The art here is not my favorite, and that's what kept this from getting all five stars.

That said, Coates loves Cap like I do. When you are a fan of Captain America, it's complicated. That is my relationship status with this fictional character, who has always been two things: a symbol of ambitions for Americans; aspirations, an icon of hope, of what we, on our better days, and in our largest hearts, hope that we are and can be. The other thing that Cap, editorially, has always been, is a mirror for current events: WWII, civil rights, Watergate, Reagan years, nuclear psychosis, displaced veterans, vigilante "justice," 9/11, Bush-Patriot Act, endless wars, gay marriage - you name it, and Cap stories are meant to reflect it, influence opinion about it, and make it into something that if an unfinished opinion picked it up and read it, they would know where an avatar of liberty and hope lands, and maybe think about landing there too.
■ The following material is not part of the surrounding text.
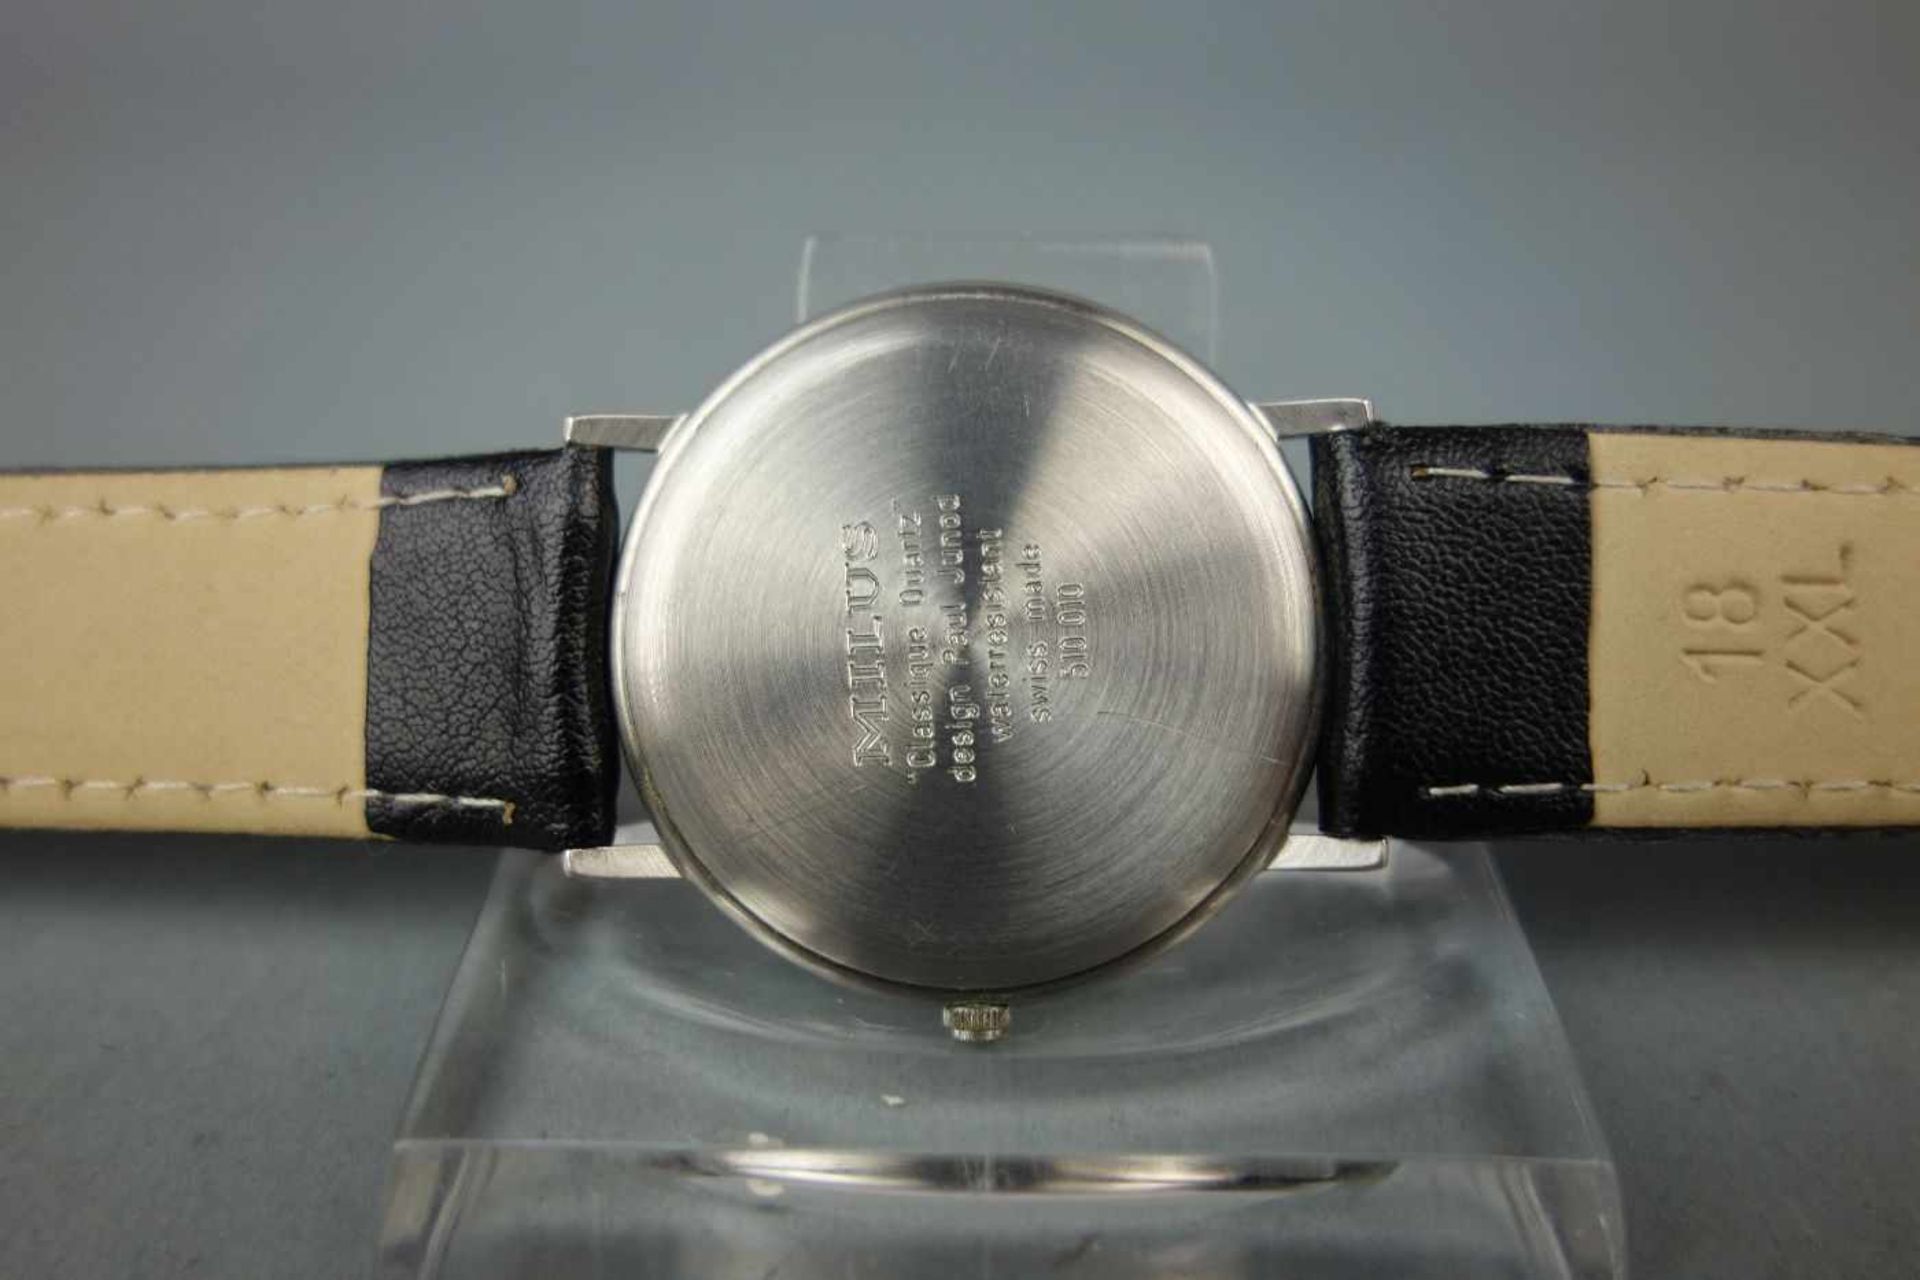 ARMBANDUHR - MILUS / wristwatch, Quartz, Schweiz. Rundes Edelstahlgehäuse an Lederarmband. - Bild 5 aus 5
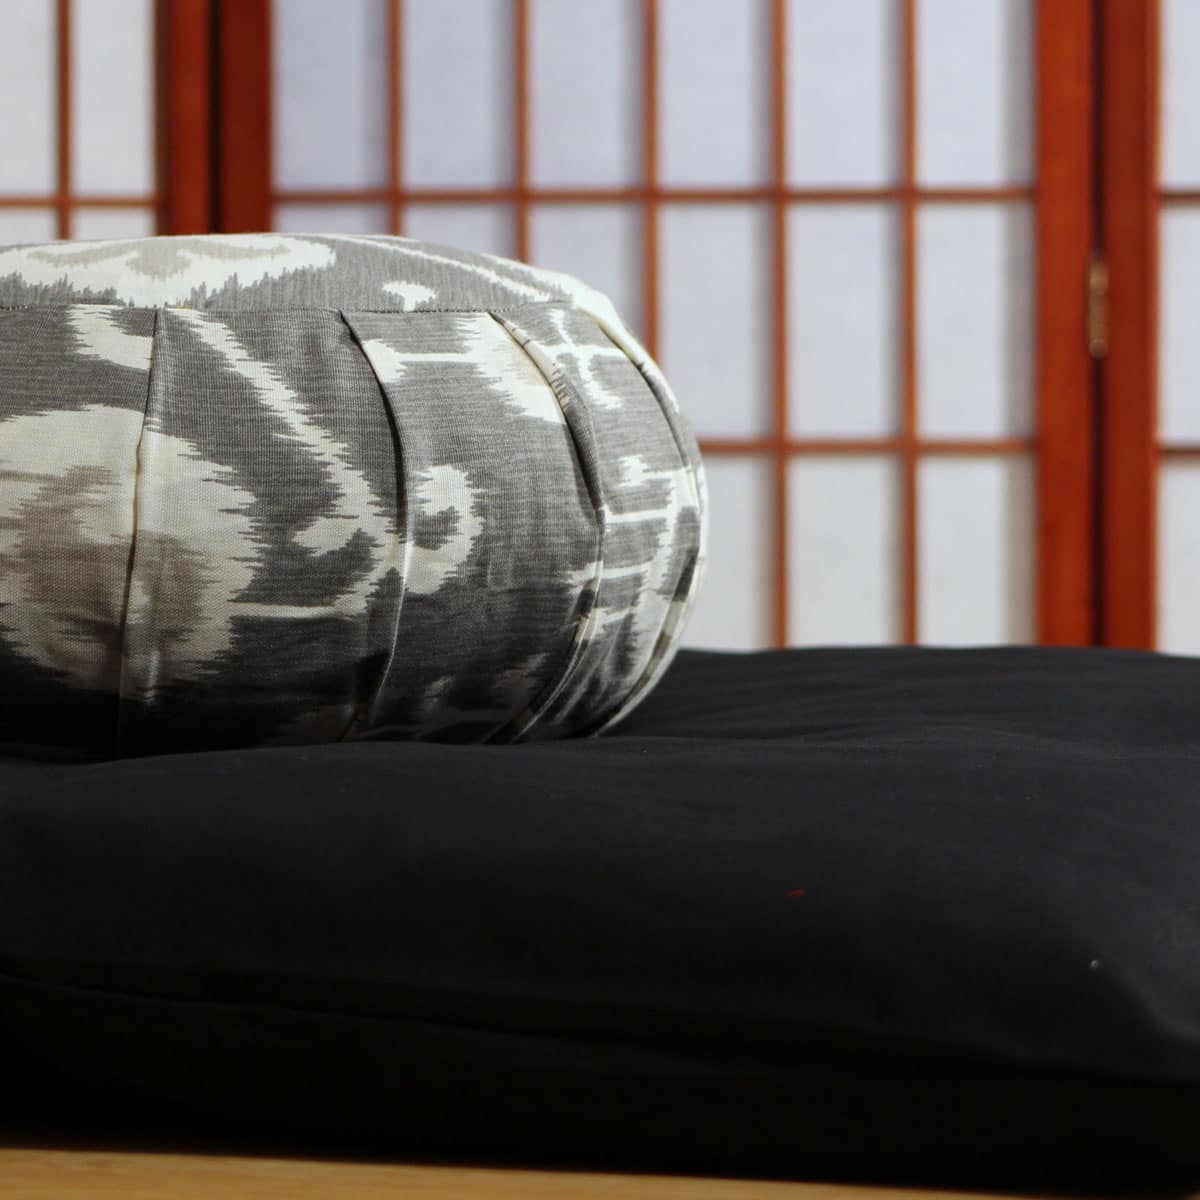 https://www.stillsitting.com/wp-content/uploads/2019/10/4-meditation-cushion-set-gallery.jpg

Coates continues to hit it big here: The Watchdogs are incels in Rebel masks, hitting people because they "think that's what men do." Immigrants here are tortured because they're trying not to starve, and the law is questioned, absent, mocked by corruption, and the head is rotten while the body dies slowly. In the midst of all of this, Coates brings us back to US Agent, Red Skull, Scourge, and continues his brilliant subversive retcon with the Daughters of Liberty including everyone from the founding mothers to Harriet Tubman.

I'm in for as long as Coates is. Read it.